Charley’S Angles Unusual Perspectives Help Photographer Celebrate Nature

One morning 150 or so years ago, a farmer came upon Henry David Thoreau staring into a muddy pond. Twice again that day the farmer passed the same spot and found Thoreau still gazing into the pond.

“What air you a-doin’?” the farmer asked him.

Thoreau offered a simple explanation.

But when later recounting the incident, the farmer sounded incredulous. “… That darned fool,” he exclaimed in disbelief, “had been standin’ - the livelong day - a-studyin’ - the habits - of the bull-frog!”

Thoreau’s version of the encounter doesn’t exist, but Charley Gurche can imagine how he must have felt.

“I’m often asked the same question,” says the 44-year-old nature photographer. “Sometimes when I’m working, people will look at me and say, ‘What are you shooting?’ because they’re not seeing something I’m looking at.
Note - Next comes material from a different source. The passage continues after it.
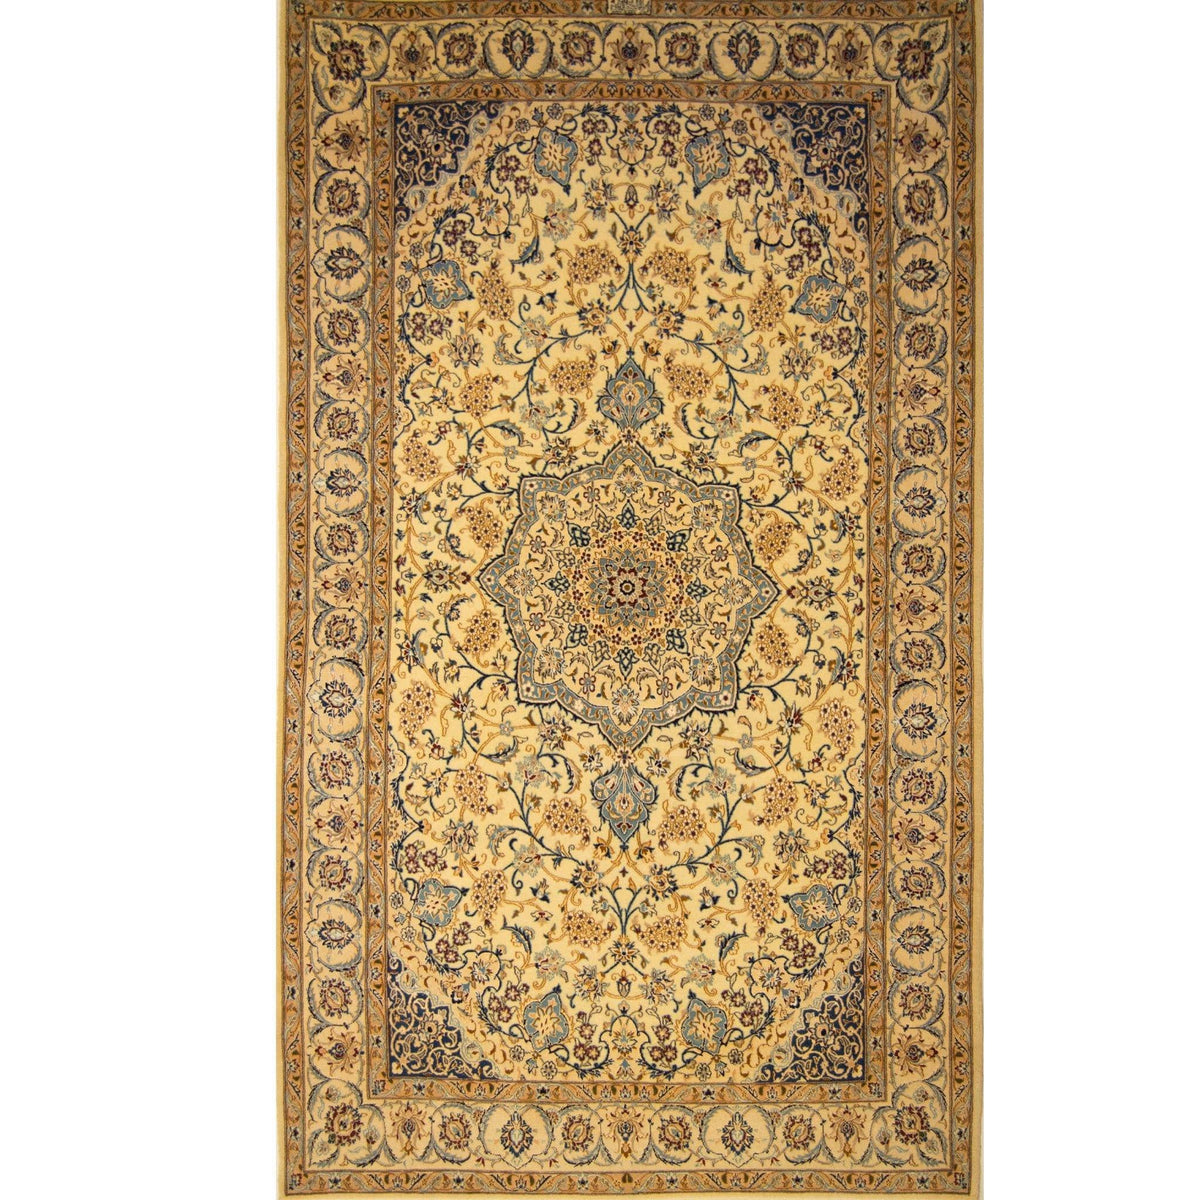 Super Fine Hand-knotted 3LAA Nain Persian Wool &amp; Silk Rug ( SIGNED HABIBIAN )137cm x 235cm
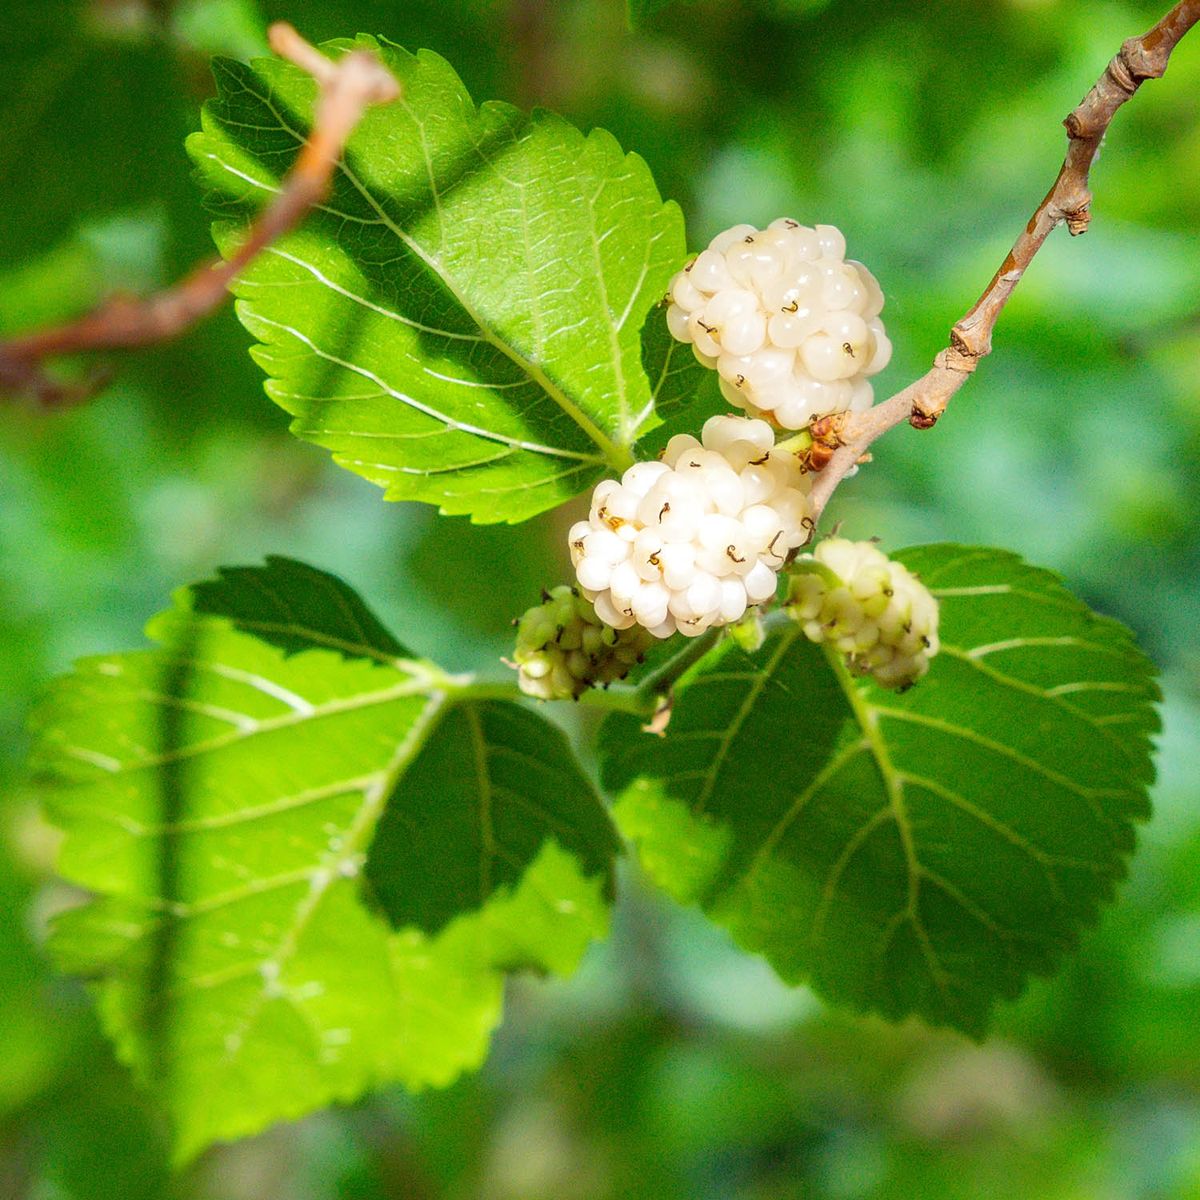 white mulberry berry and leaf

It might just be some reflection in the water or some leaves.

“I was shooting a historical building in Missouri a few weeks ago - taking a picture of an old window reflecting the building. So the camera was pointing at this wall with a window in it. And people were standing around asking, “What’s the picture of?”’

Since he left a teaching career 12 years ago to pursue landscape photography full time, Gurche has captured close to 10,000 images on 4-by-5-inch film. Many are the sort of magical moments that, in Thoreau’s words, are “perfectly distinct to an observant eye, and yet could easily pass unnoticed by most.”

So it seems fitting that 57 of Gurche’s photographs were chosen to illustrate a new book, “Thoughts from Walden Pond” (Pomegranate, $19.95).

This is Gurche’s sixth book. He’s currently on his seventh - a collection of Washington photos juxtaposed with ones taken from the same spots a century ago.

More than 40 calendars have featured his photography, and Gurche has contributed to numerous others, as well as to National Geographic, Outside, and other magazines.

“Thoughts from Walden Pond” includes a profile of Thoreau by writer Dona Budd, along with quotes from “Walden.”

Gurche’s accompanying photographs are scenes from all over the country. Fifteen were shot within an hour’s drive of his Spokane home.

Sites some might recognize include Manito Park and Mount Spokane.

“One of my favorites in the book was taken in an area of the Salmon River we raft through each year,” says Gurche. “When I climbed to the top of a ridge one day, I realized the setting sun would eventually line up just right to bounce light up the river. I waited a couple of hours for it to move into place.”

Sometimes, when everything is coming together to create the perfect image, “I get so excited that I’m fumbling around with the equipment, racing to be ready,” he says.

But instead of exhausting him, a good day of photographing nature leaves him feeling recharged, Gurche says.

“It’s so easy to take a trip out into the natural world and still have your mind concentrating on things back home,” he says.

“Photography helps me be really aware - to focus entirely on the present moment.”